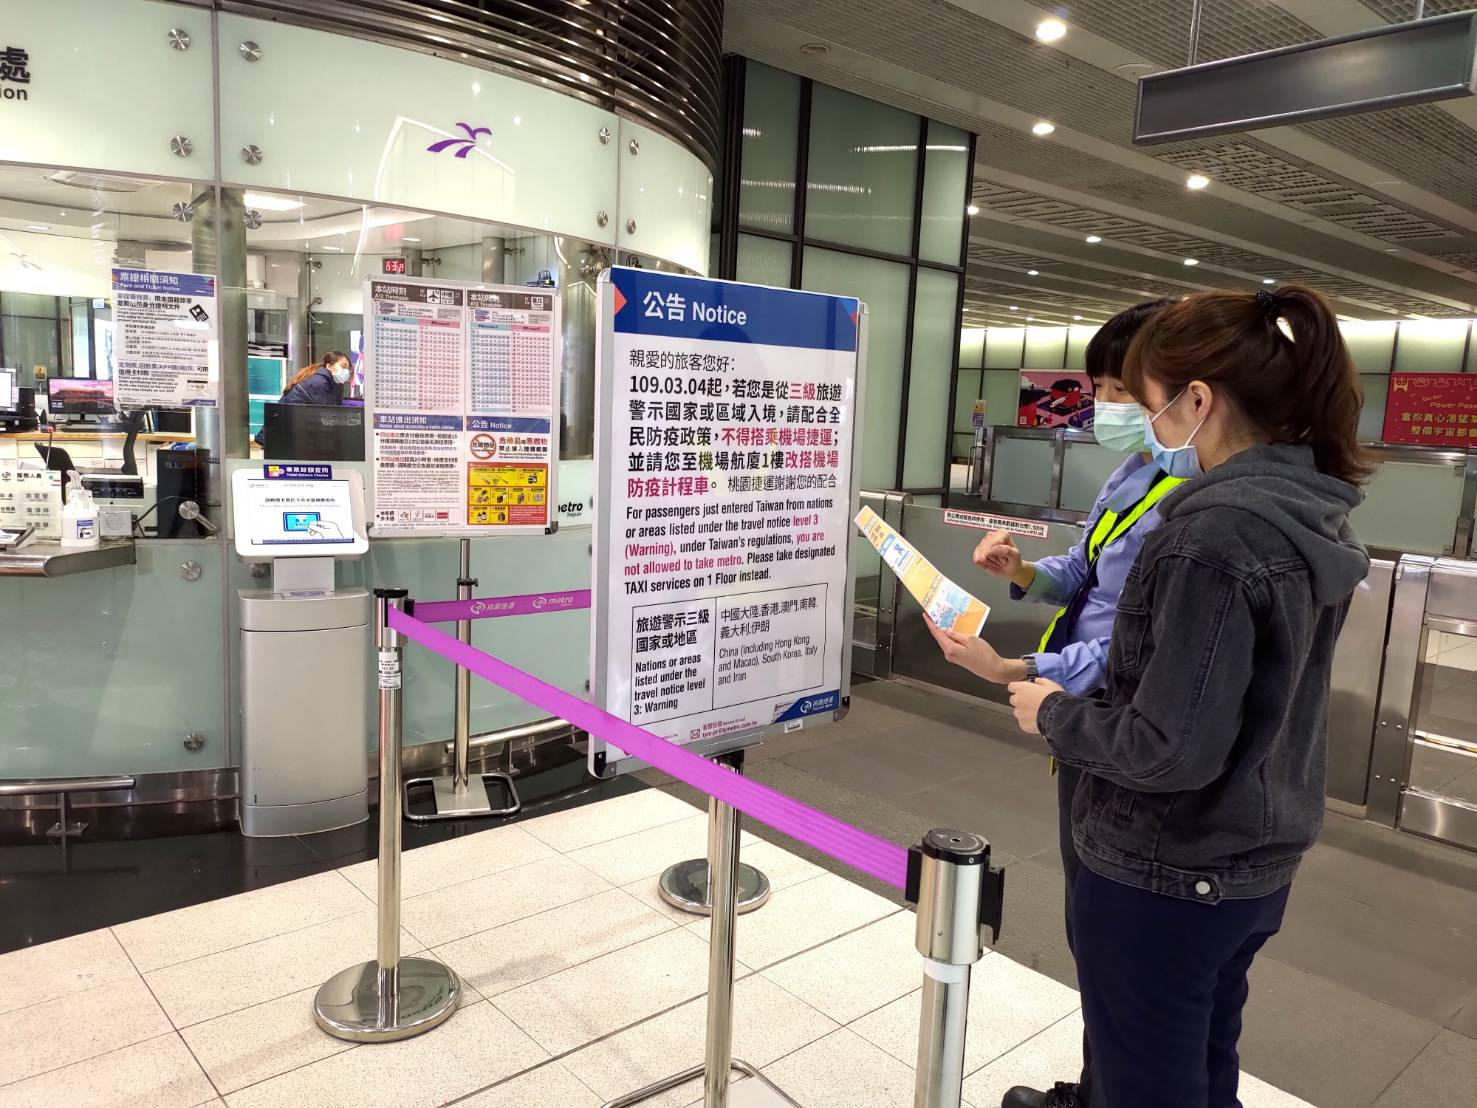 站務人員向旅客解說法令規定
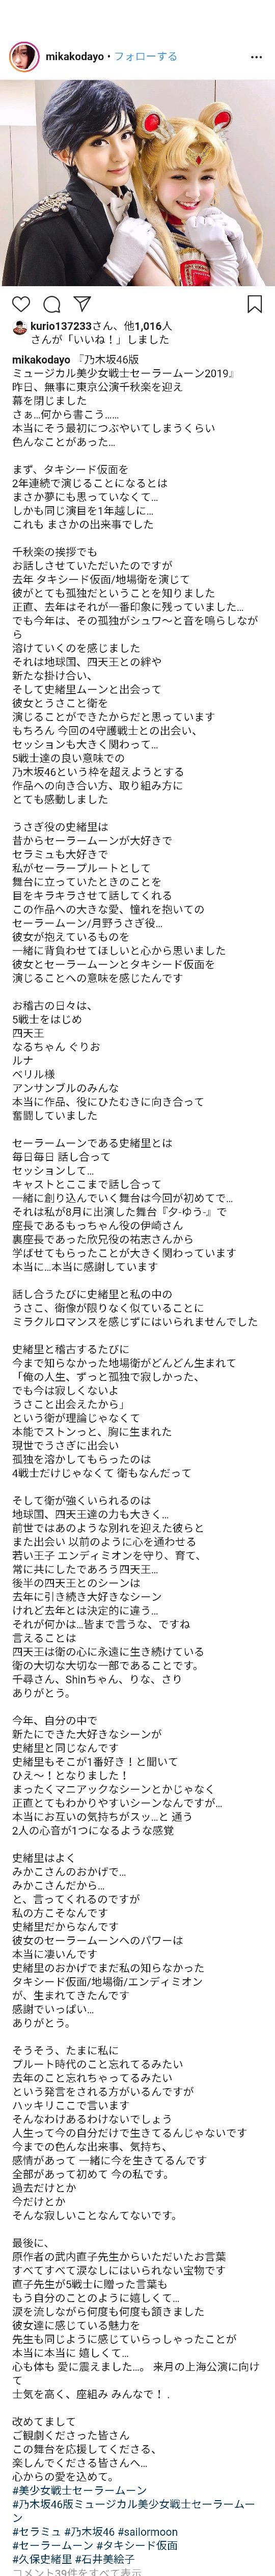 石井 美絵子、久保史緒里をすごい長文で絶賛
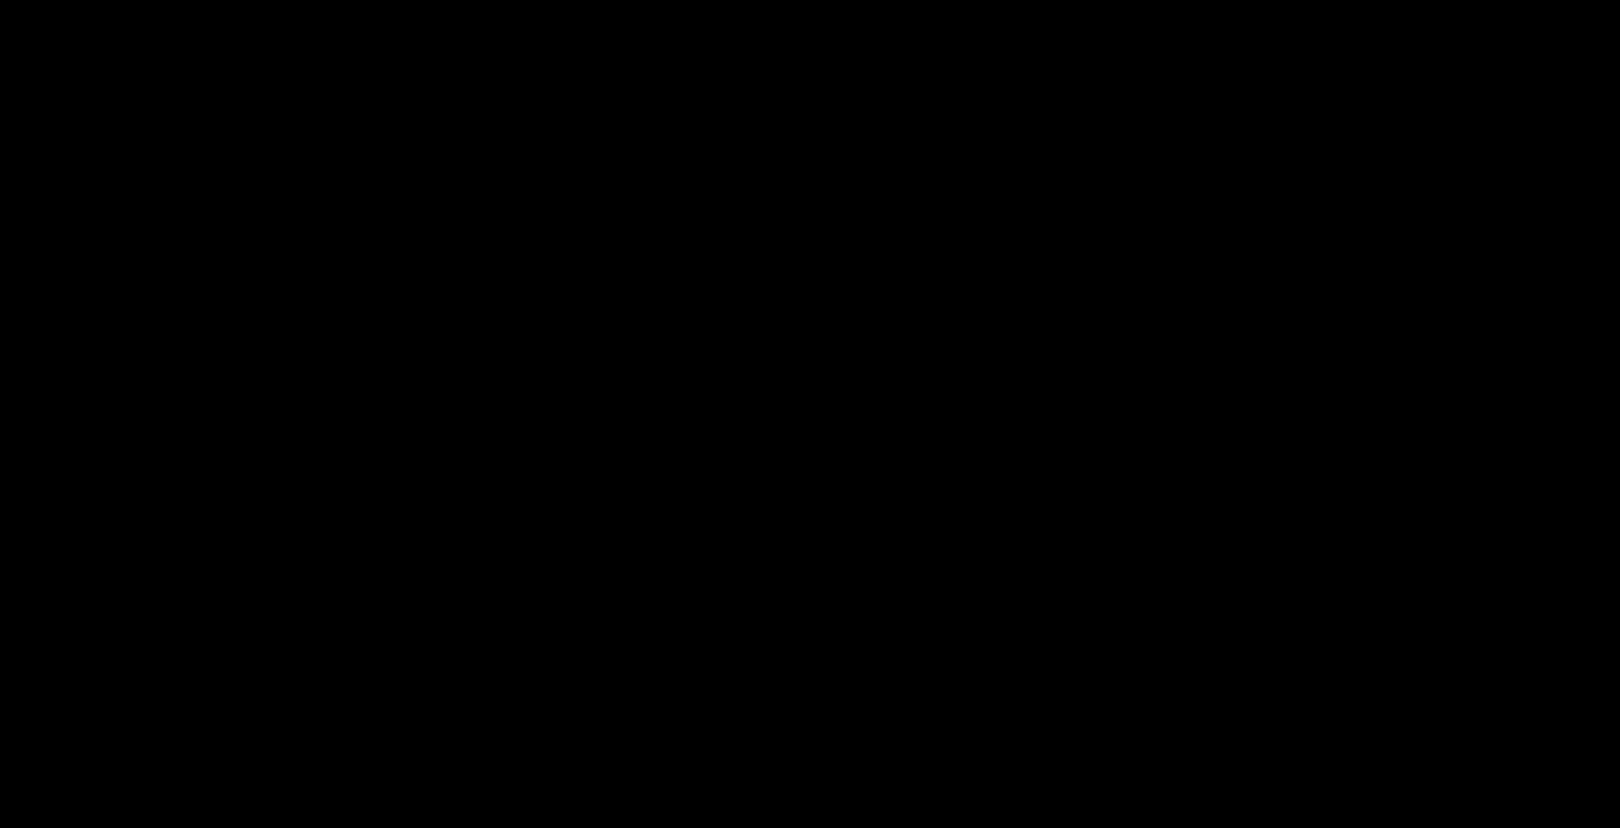 N-[2-(5-Methoxy-indol-3-yl)-ethyl]-commenamide
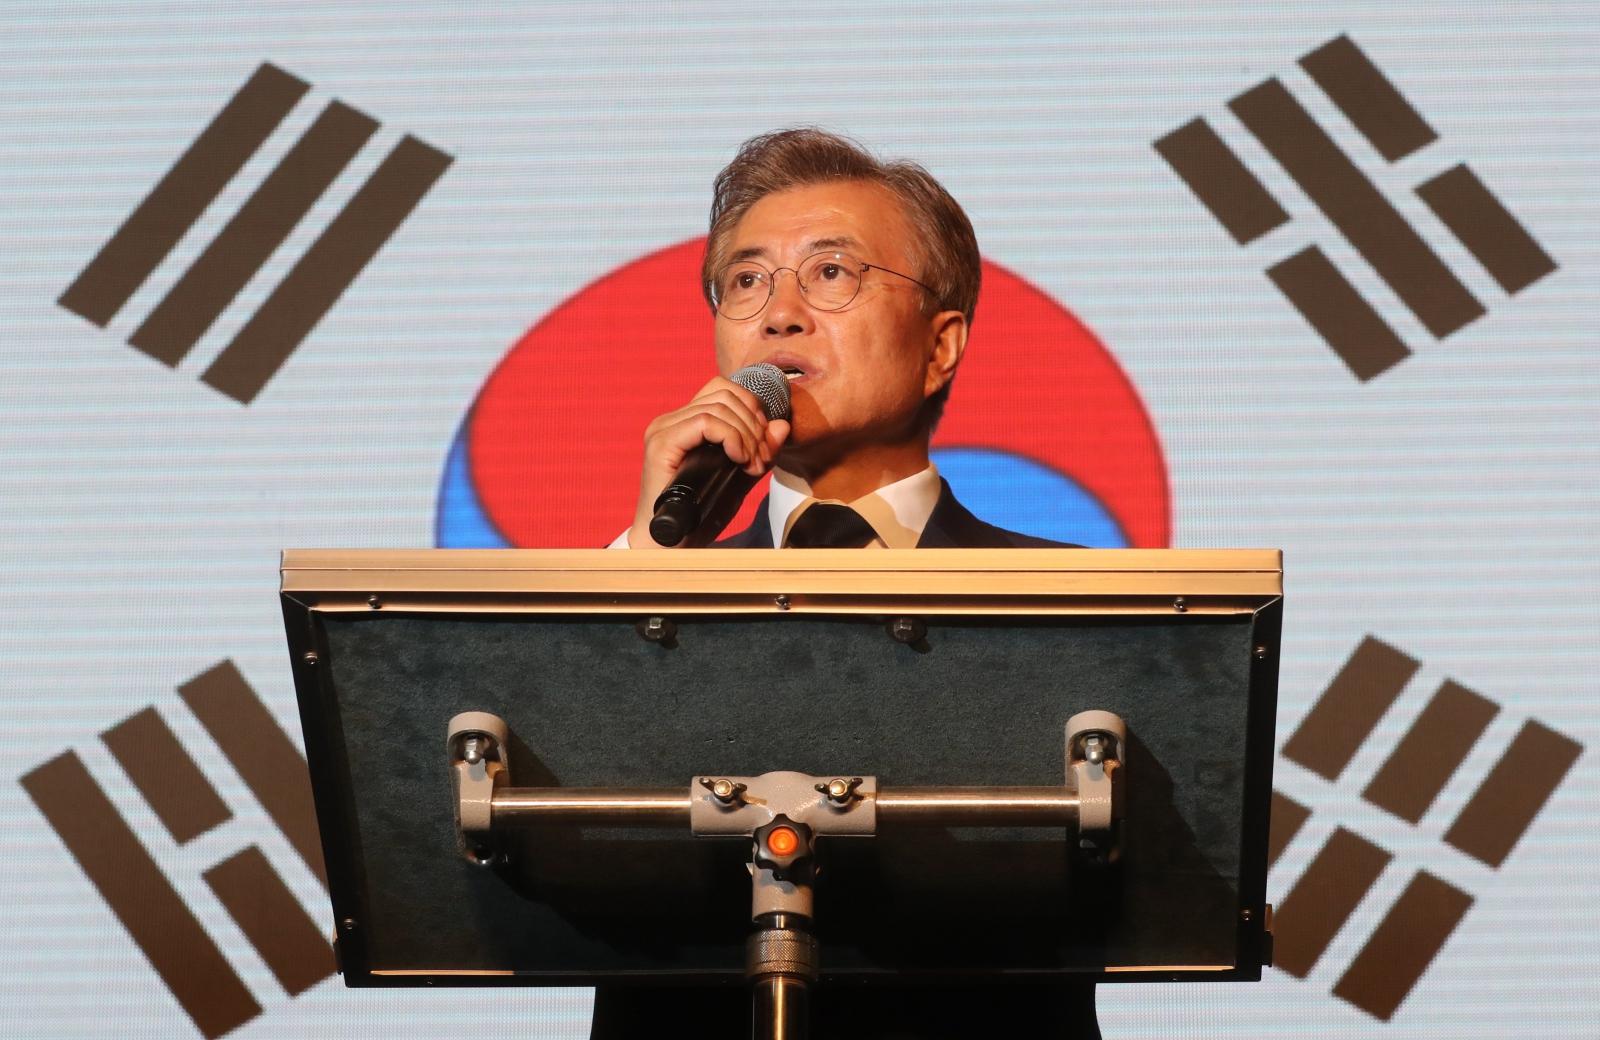 Wybory prezydenckie w Korei Południowej. fot. EPA/YONHAP SOUTH KOREA OUT
----------------------------------------
Prompt
The required output is the line containing "N-[2-(5-Methoxy-indol-3-yl)-ethyl]-commenamide" plus every line after it to the end of the data, copied exactly and with no pictures.

Answer to the exercise
 N-[2-(5-Methoxy-indol-3-yl)-ethyl]-commenamide
 Wybory prezydenckie w Korei Południowej. fot. EPA/YONHAP SOUTH KOREA OUT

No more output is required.